Calcite or Calcite
It is a filter medium in Calcium carbonate that corrects the pH to achieve a non-corrosive balance.
Correction of pH
One of the advantages of Calcite is its self-limiting property. When applied properly, it corrects the pH enough to achieve a non-corrosive balance.
Under normal conditions, upon contact with Calcite, acidic waters slowly dissolve calcium carbonate to raise the pH, which reduces possible leaching of copper, lead, and other metals found in typical pumping systems.
Filled in and backwash
Depending on the pH, the water chemistry and the service flow, the Calcite bed should be periodically refilled when the Calcite runs out. Because calcium carbonate neutralizes water, it will increase hardness and a softener will need to be used after the neutralizing filter. Upon contact with calcite, acidic waters slowly dissolve calcium carbonate to raise the pH, which reduces the potential for leaching of copper, lead, and other metals found in typical plumbing systems. Periodic backwashing will prevent excessive fouling, reclassify the litter, and maintain high service capacities.

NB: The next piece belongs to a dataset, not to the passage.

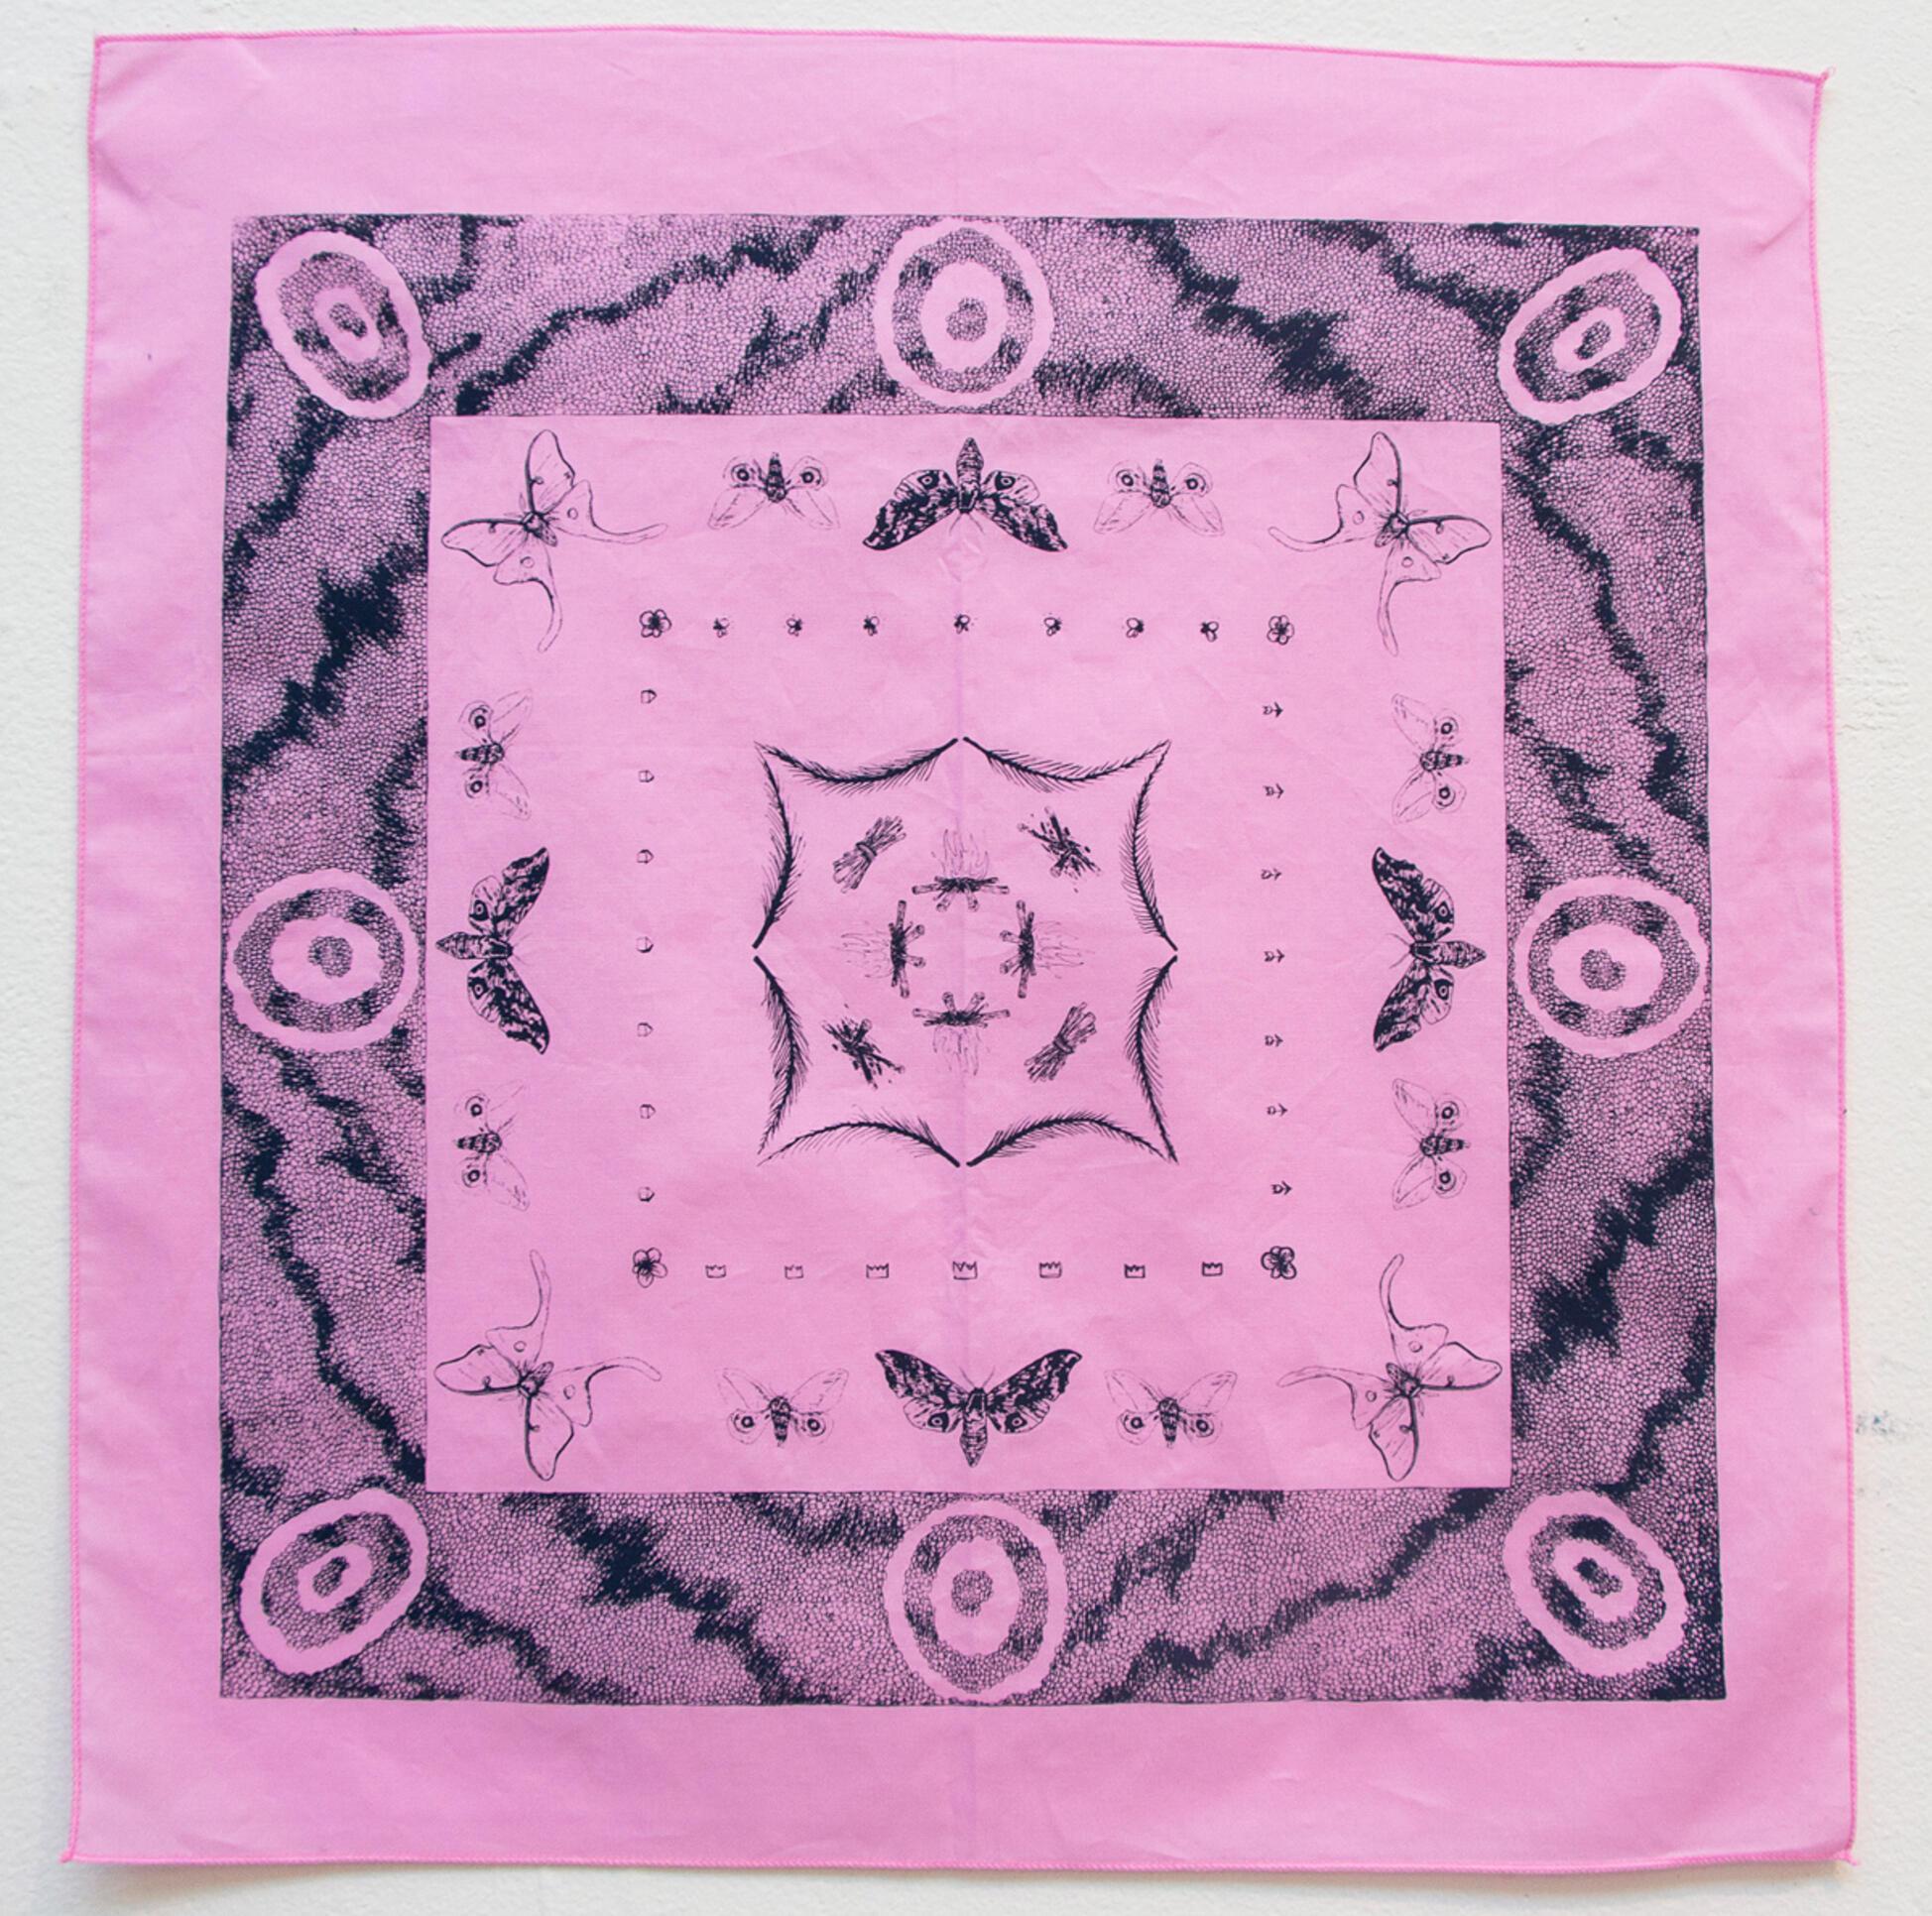 Abstract fabric pattern work ; Tuli Troiani

Granular calcite (either marble or limestone north south) can be used both as a filter for sediment, turbidity and ferric iron and as a bed of calcium carbonate for pH correction. In general, a calcite filter will remove approximately one-third of the total ferric and ferrous iron content from a water supply.

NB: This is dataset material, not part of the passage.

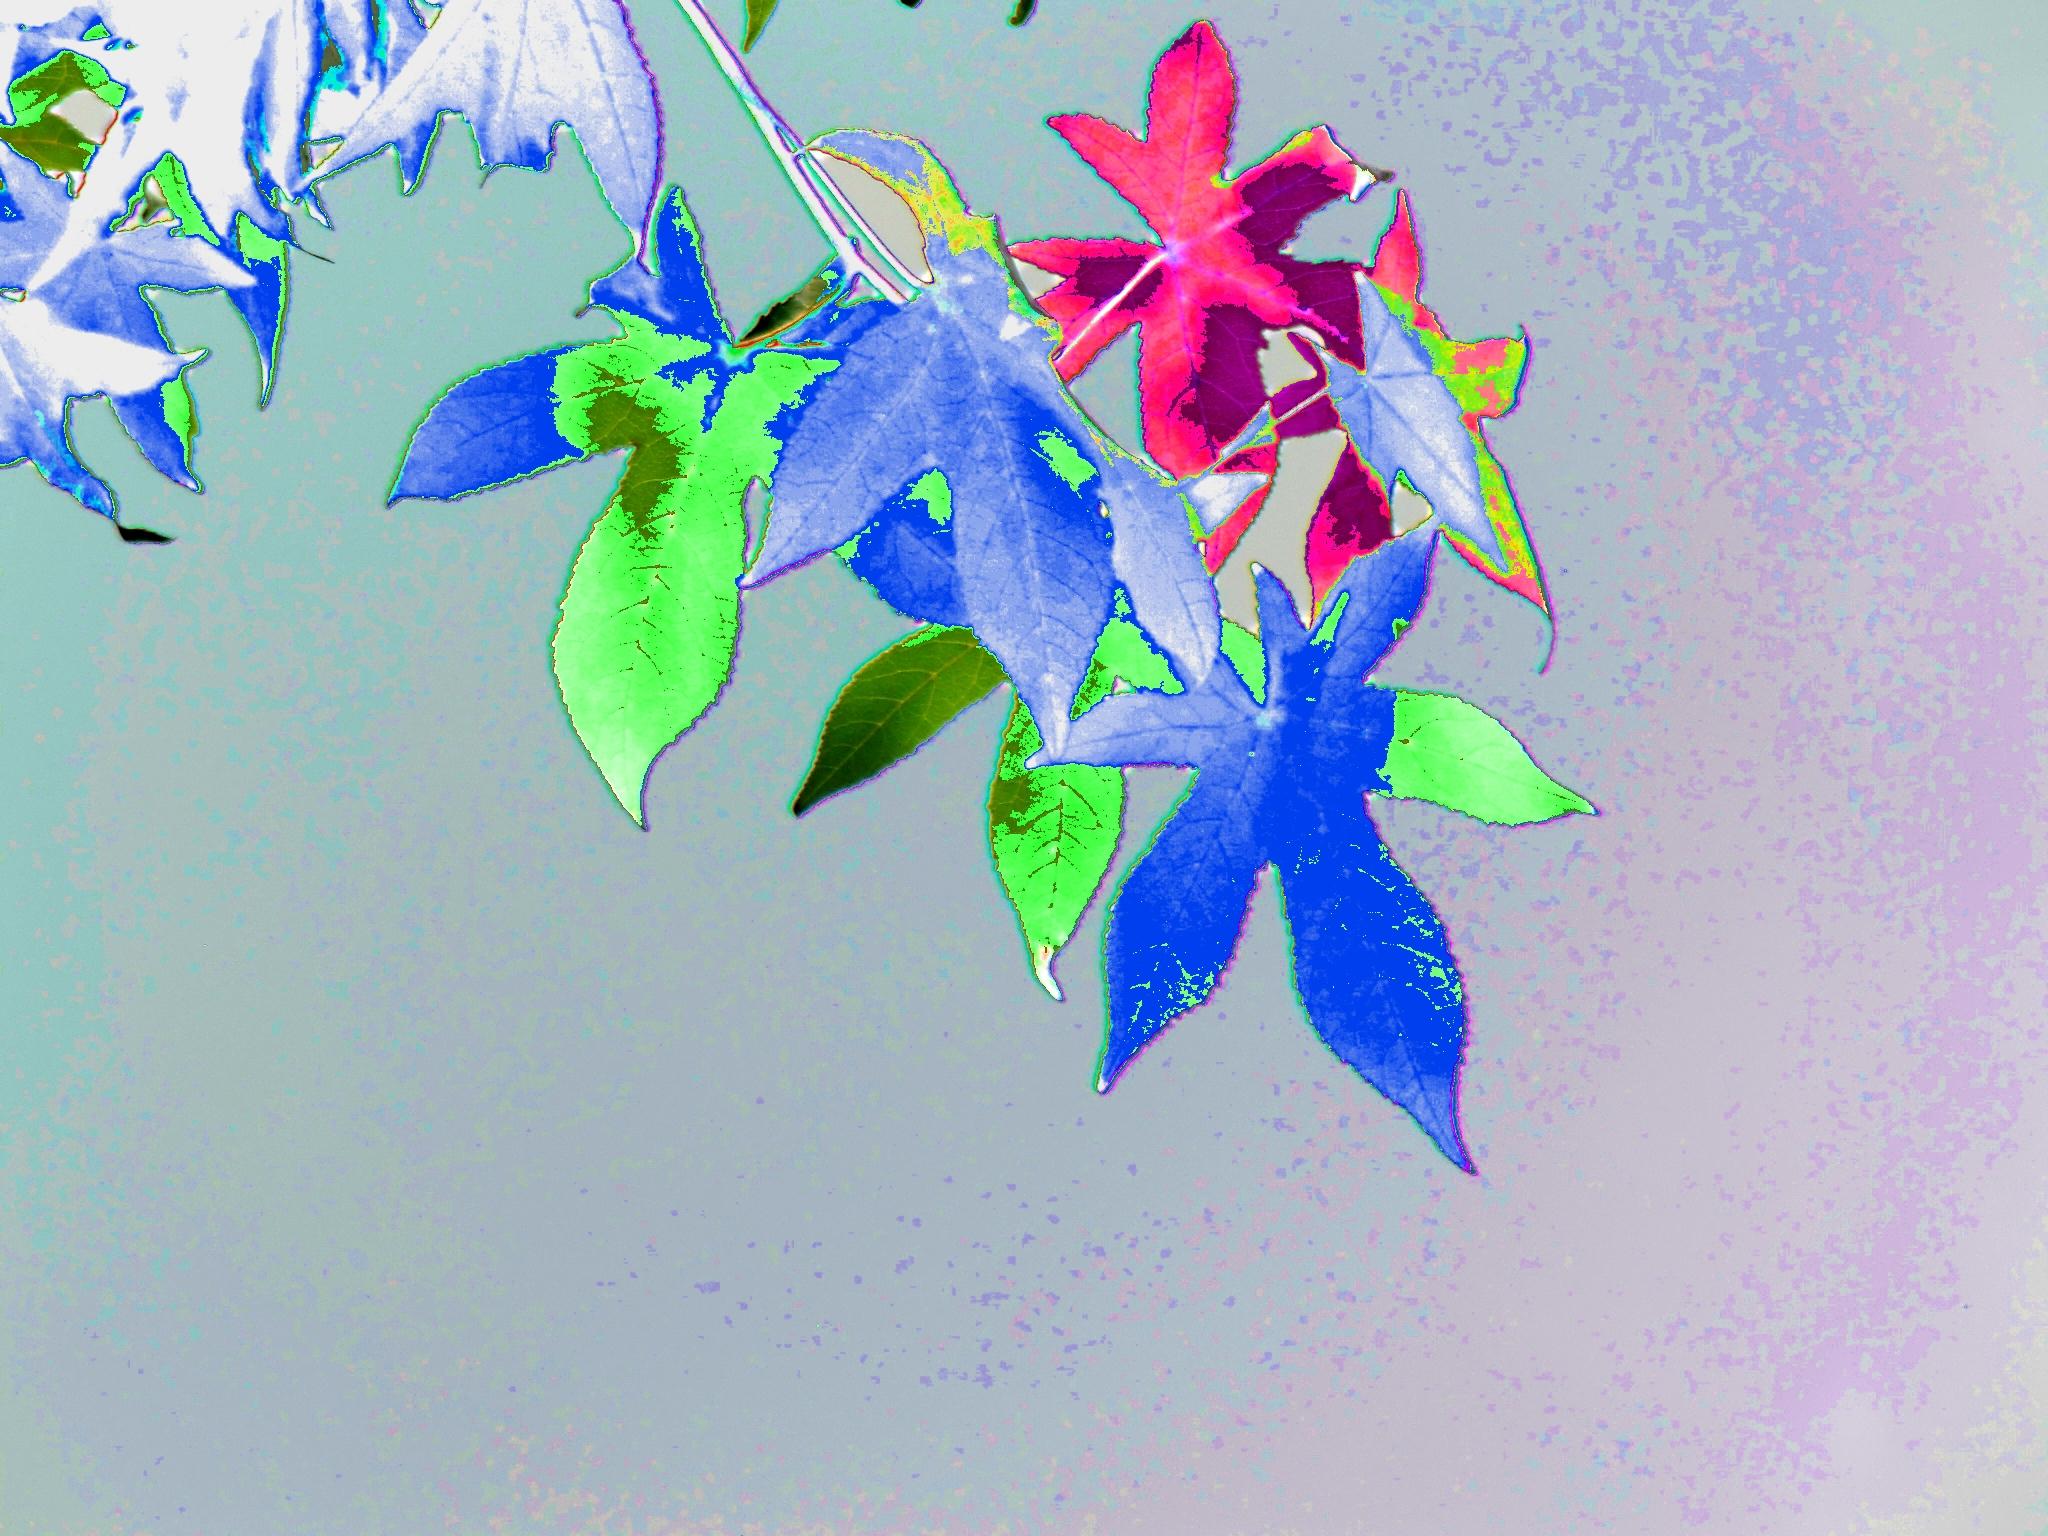 Image: Magical Sweetgum Tree Leaves - Gus Kilthau

The solubility rate of calcite is dependent on several factors. In relatively free mineral water, the average rate is 0.001 percent (about one-tenth of an ounce of calcite per gallon of water) at 77 ° F (25 ° C), but solubility increases in the presence of CO2.
Solubility is also increased by falling temperatures and increasing total pressure.
At the same time, an advantage of calcite is that the pH is not "over-corrected"; so the pH will rise evenly under proper operating conditions.
Backwash flow is very important because of the high mineral density and should be done at a minimum of 8 gpm per square foot of bed area for good performance. If iron is present, a minimum of 10 gpm should be used. Backwashing should be carried out for no less than 10 minutes to remove dirt, iron and calcite precipitates. The most common cause of pH neutralizer failures is a lack of periodic backwashing.